Tomsk Sysadmins Forum

Unix => Администрирование => Topic started by: SMike on October 03, 2005, 23:20:12

Title: WEB-server и router...
Post by: SMike on October 03, 2005, 23:20:12

Вопрос такой:
Имеется роутер с доступом в интернет (IP (смотрит в инет): yyy.yyy.yyy.yyy, IP (смотрит в локаль): xxx.xxx.xxx.1)
Имеется WEB server в локальной сети (IP: xxx.xxx.xxx.2)
Все адреса реальные.
На роутере поднят DNAT и SNAT - перенаправление по протоколу http на xxx.xxx.xxx.2.
Если пробовать открывать http://yyy.yyy.yyy.yyy (http://yyy.yyy.yyy.yyy) с томского инета - открывается страница, всё нормально (запрос доходит до роутера, перенаправляется на WEB-сервер, генерируется страничка и отправляется обратно _через роутер_ тому, кто запросил страничку).
Если пробовать открывать http://yyy.yyy.yyy.yyy (http://yyy.yyy.yyy.yyy) с локали, то роутер перенаправляет на xxx.xxx.xxx.2, генерируется страница, но ответ идет не через роутер, а напрямую к тому, кто сформировал запрос. Естественно получатель ждет ответа от роутера, а не от WEB-сервера. Поэтому отклоняет результат.

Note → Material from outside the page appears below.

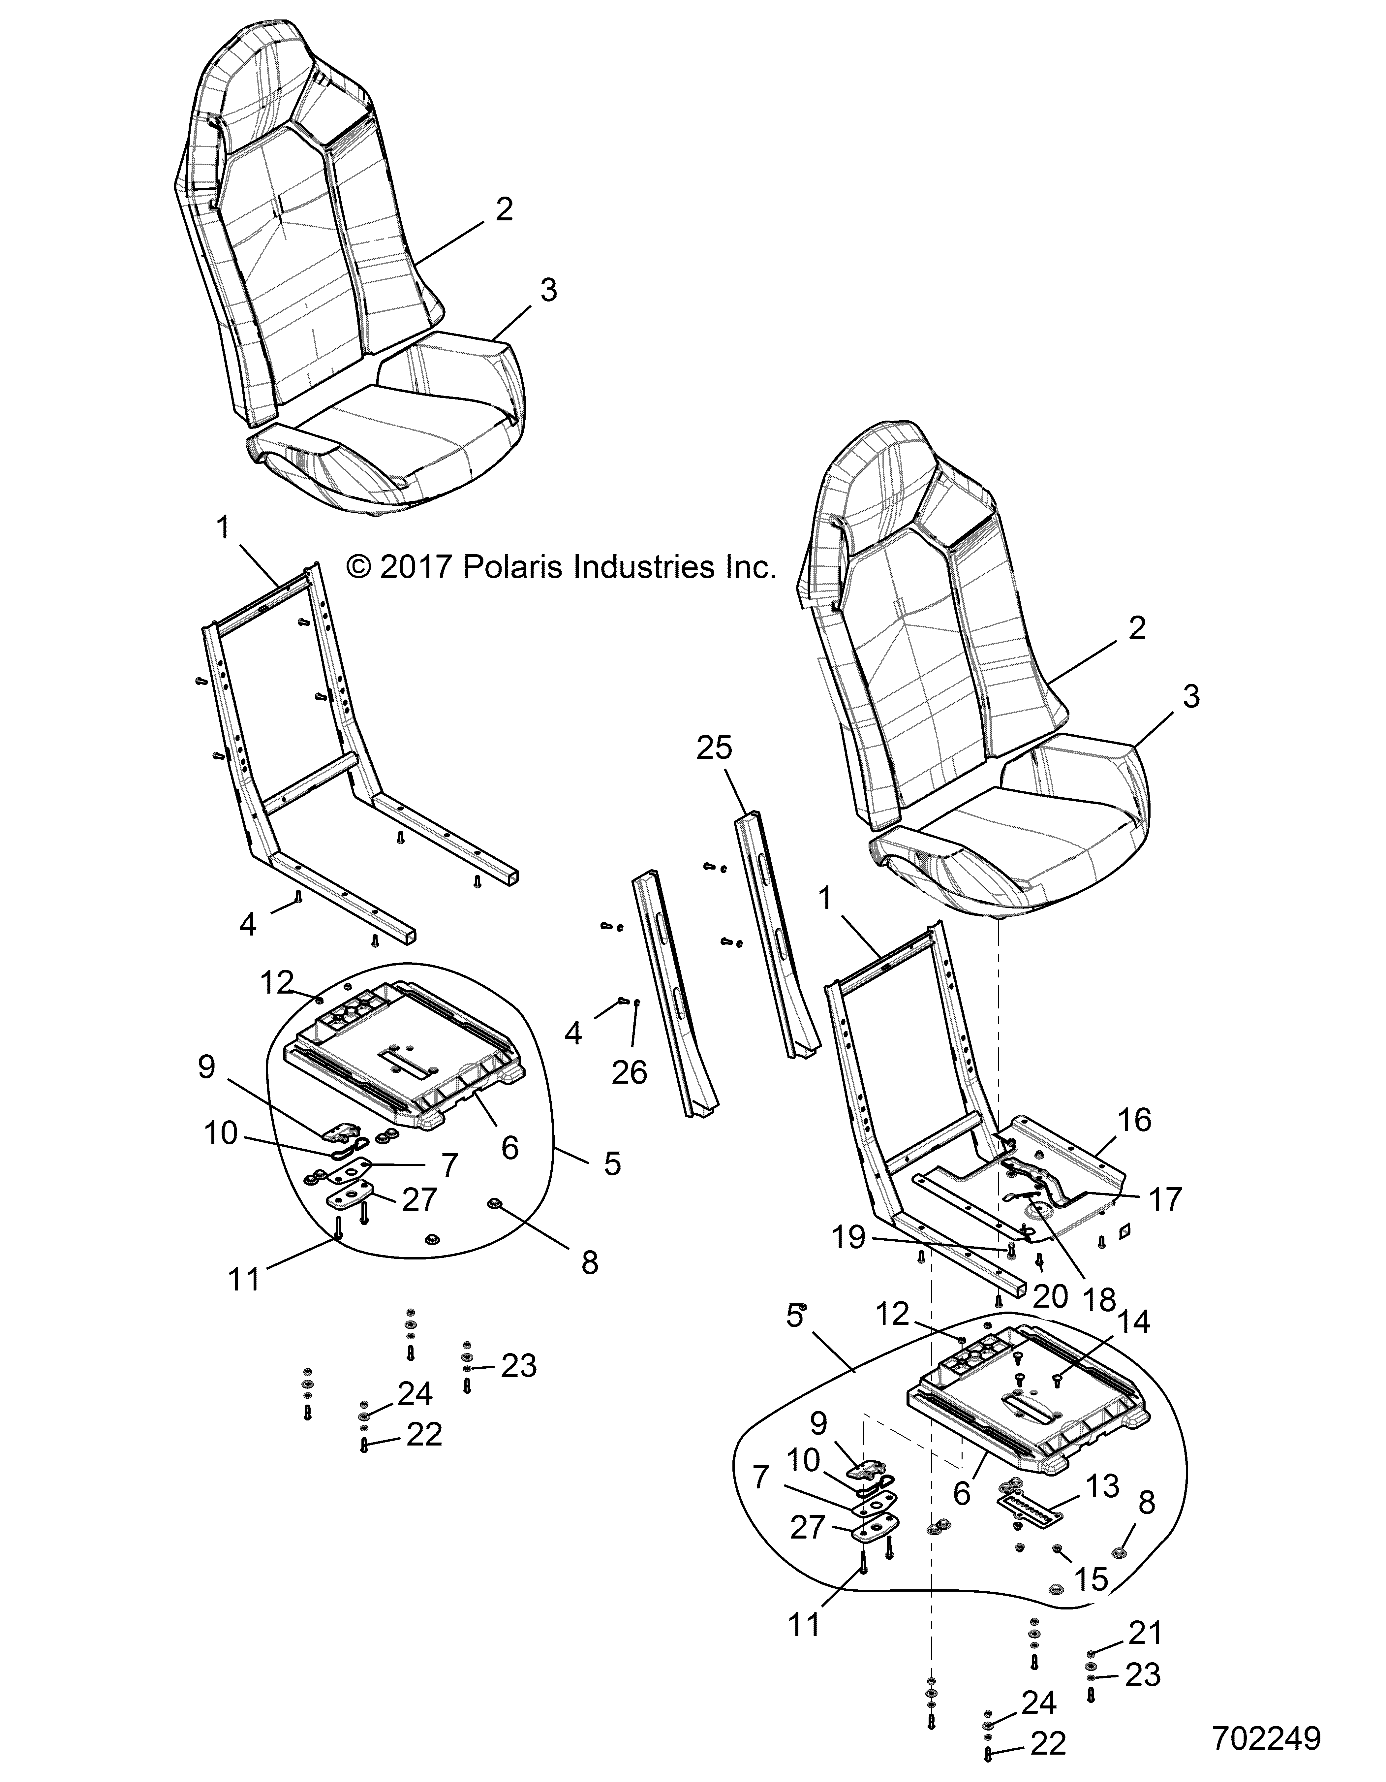 Part Number : 2688032 SEAT BOTTOM ASSEMBLY

Попробовал на WEB-сервере поднять DNAT/SNAT на 127.0.0.1:
/usr/sbin/iptables -t nat -A PREROUTING -p tcp -d xxx.xxx.xxx.2 --dport 80 -j DNAT --to-destination 127.0.0.1:80
/usr/sbin/iptables -t nat -A POSTROUTING -p tcp -s 127.0.0.1 --sport 80 -j SNAT --to-source yyy.yyy.yyy.yyy:80

правила DNAT срабатывают, SNAT - нет...
Где ошибка/что неправильно?

Title: WEB-server и router...
Post by: demiurg on October 04, 2005, 10:14:49

Quote

Попробовал на WEB-сервере поднять DNAT/SNAT на 127.0.0.1:
/usr/sbin/iptables -t nat -A PREROUTING -p tcp -d xxx.xxx.xxx.2 --dport 80 -j DNAT --to-destination 127.0.0.1:80
/usr/sbin/iptables -t nat -A POSTROUTING -p tcp -s 127.0.0.1 --sport 80 -j SNAT --to-source yyy.yyy.yyy.yyy:80

правила DNAT срабатывают, SNAT - нет...
Где ошибка/что неправильно?

[snapback]4595[/snapback]

"Типовые грабли". Ответ см. в IPTables Tutorial. Например здесь http://demiurg.tomsk.ru/iptables/ (http://demiurg.tomsk.ru/iptables/)
Параграф 6.5.2. Действие DNAT :)

Title: WEB-server и router...
Post by: Dimmus on October 04, 2005, 17:03:07

можно еще через xinetd:

Quote

service blabla
{
        type            = UNLISTED
        port            = 7777
        socket_type     = stream
        protocol        = tcp
        wait            = no
        user            = root
        disable         = no
        redirect        = local_ip local_port
}

Title: WEB-server и router...
Post by: demiurg on October 04, 2005, 17:25:39

Quote

можно еще через xinetd:

[snapback]4611[/snapback]

Очередной велисипед. Зачем? Когда это типовая задача и решается типовыми способами, описанными даже в руководствах. В IPTabls Tutorial разбирается именно такой пример.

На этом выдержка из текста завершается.